Он допускал меня в свою мастерскую, где стояли на мольбертах ещё не оконченные картины, и позволял присутствовать при работе. Так, я видел одну из последних его картин, посвящённую раскулачиванию. Его огромные мистерии, где на одном пространстве, тесно прижавшись друг к другу, стоят мучители и мученики, святые и воины, проповедники и их гонители. Эти громадные мистерии, построенные во многом по принципам русской иконописи, на одном поле соединяют множество времён, явлений. Они висят в его персональной картинной галерее, что на Волхонке, и он часто и с удовольствием позволял мне среди этих картин устраивать презентации книг, собрания единомышленников. И эти собрания на фоне грозных великолепных полотен несли особый метафизический смысл, вливали в наши разговоры и пересуды мистическую животворную энергию русской истории.

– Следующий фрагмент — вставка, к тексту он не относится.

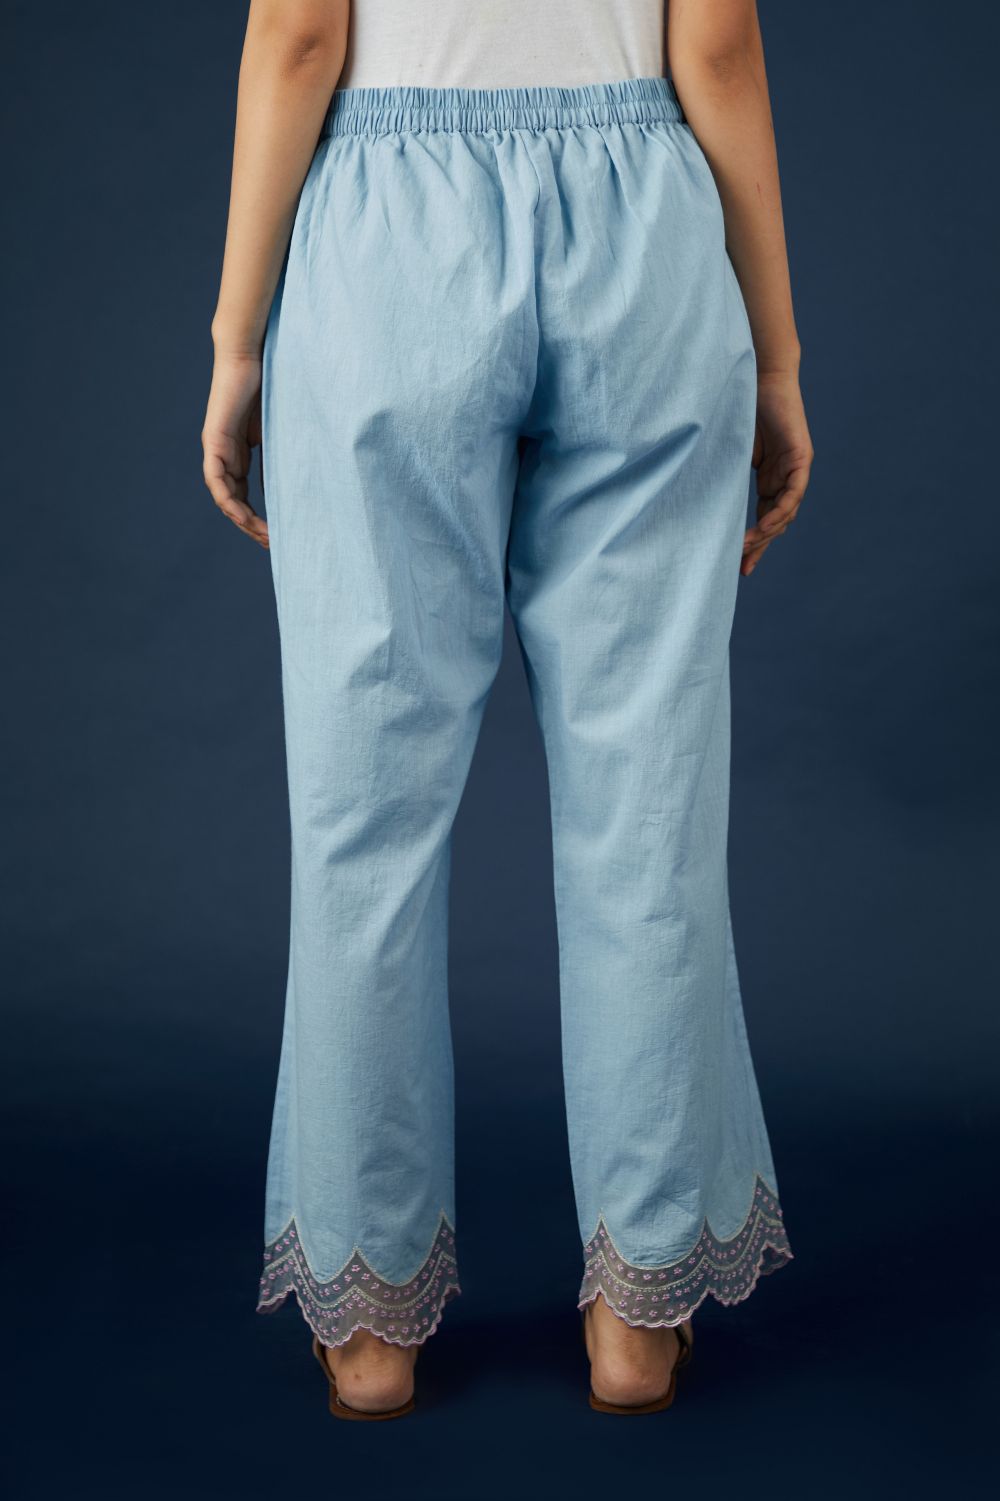 Blue straight pants with scalloped embroidery at hem. (Pants)

Иные люди винят его в том, что он был лоялен к любой власти. Он принимал у себя генсеков и президентов, все они почитали его, помогали ему. Нет, это не была политическая всеядность — он сберегал своё искусство, он окружал своё искусство спасительным магическим кольцом, опирался на власть в своей схватке с гонителями, недоброжелателями, стремящимися закрыть его мастерскую, разогнать стотысячные толпы, собиравшиеся на каждую его выставку.
Он построил себе в центре Москвы усадьбу в стиле тех дворянских усадеб, которых осталось, быть может, полдесятка. Когда я бывал у него в гостях, он водил меня по бесконечным анфиладам комнат, гостиных, танцевальных залов. Мне казалось, что я попал в усадьбу Шереметева, и удивлялся тому, как Глазунову в этом скопище современных улиц, зданий, посольств, министерств удалось создать таинственный оазис русской классической старины.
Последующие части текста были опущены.